Song, X., Fagiani, M. R., Debnath, S., Gao, M., Maeda, S., Taketsugu, T., et al. (2017). Excess charge driven dissociative hydrogen adsorption on Ti₂O₄⁻. Physical Chemistry Chemical Physics, 19(17), 23154-23161. doi:10.1039/c7cp03798h.

Zitierlink: https://hdl.handle.net/11858/00-001M-0000-002D-E559-E

Zusammenfassung

The mechanism of dissociative D₂ adsorption on Ti₂O₄⁻, which serves as a model for an oxygen vacancy on a titania surface, is studied using infrared photodissociation spectroscopy in combination with density functional theory calculations and a recently developed single-component artificial force induced reaction method.

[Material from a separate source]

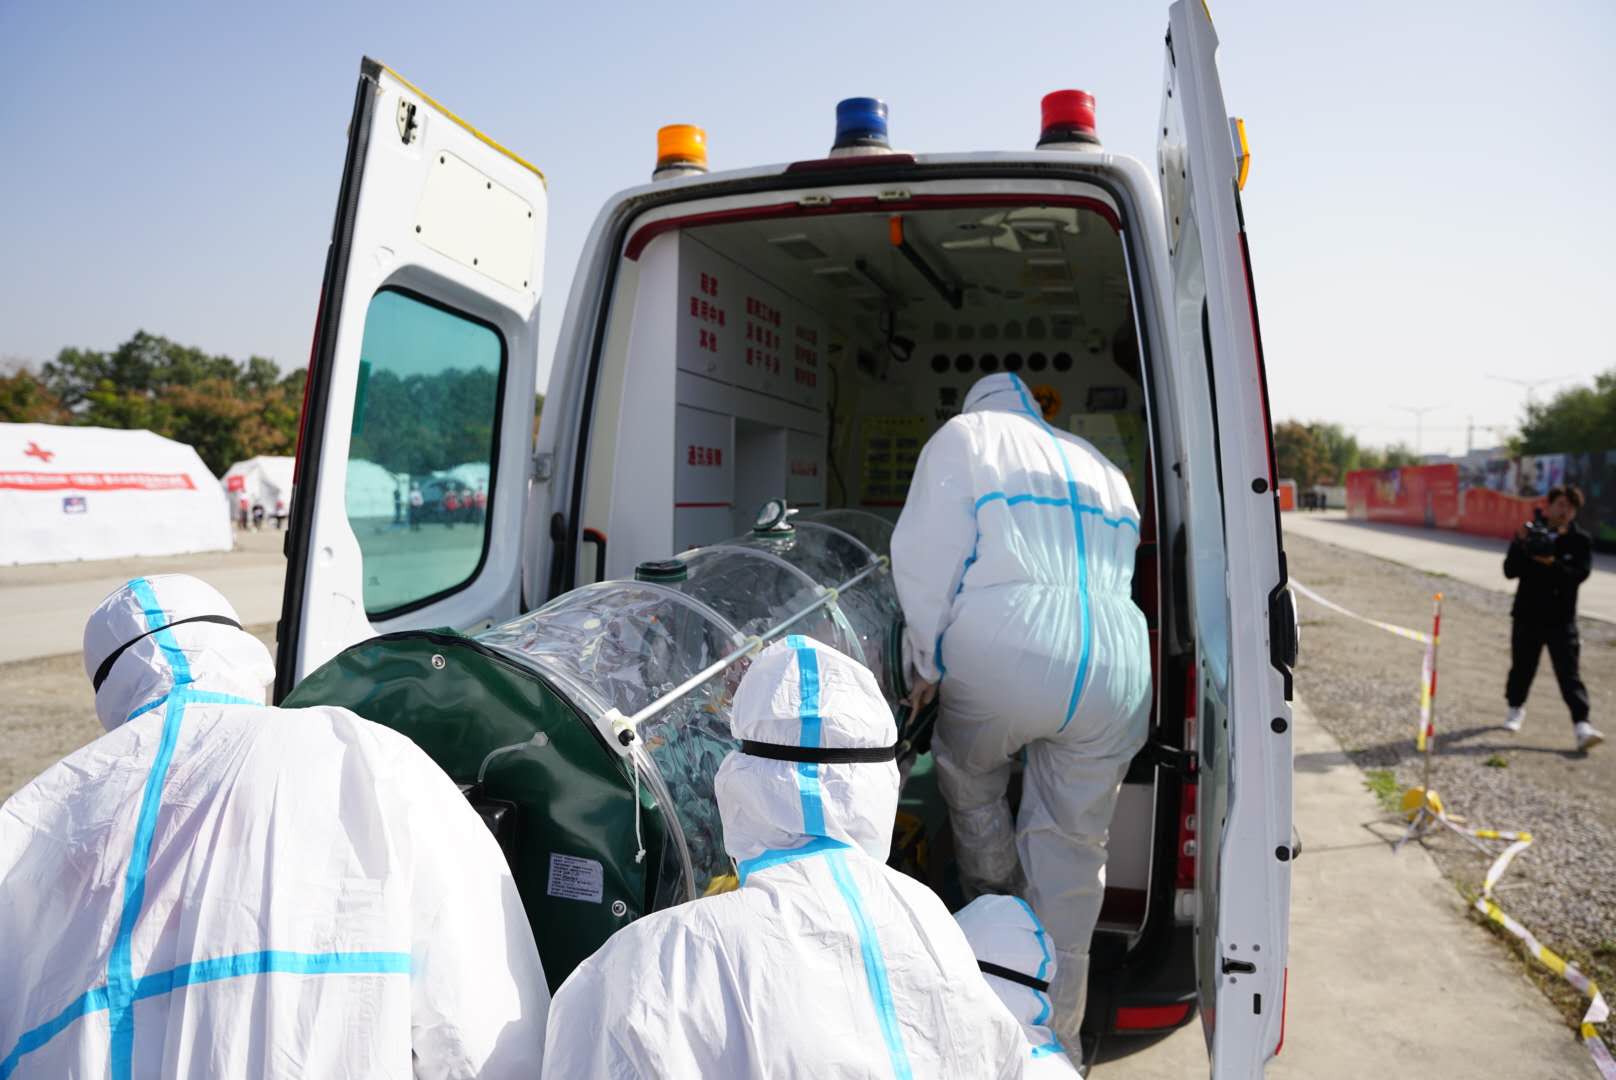 社区发现传染病患者后该如何处置 西北五省区红十字赈济救援队举行演练

Ti₂O₄⁻ readily reacts with D₂ under multiple collision conditions in a gas-filled ion trap held at 16 K forming a global minimum-energy structure (DO–Ti–(O)₂–Ti(D)–O)⁻. The highly exergonic reaction proceeds quasi barrier-free via several intermediate species, involving heterolytic D₂-bond cleavage followed by D-atom migration. We show that, compared to neutral Ti₂O₄, the excess negative charge in Ti₂O₄⁻ is responsible for the substantial lowering of the D₂ dissociation barrier, but does not affect the molecular D₂ adsorption energy in the initial physisorption step.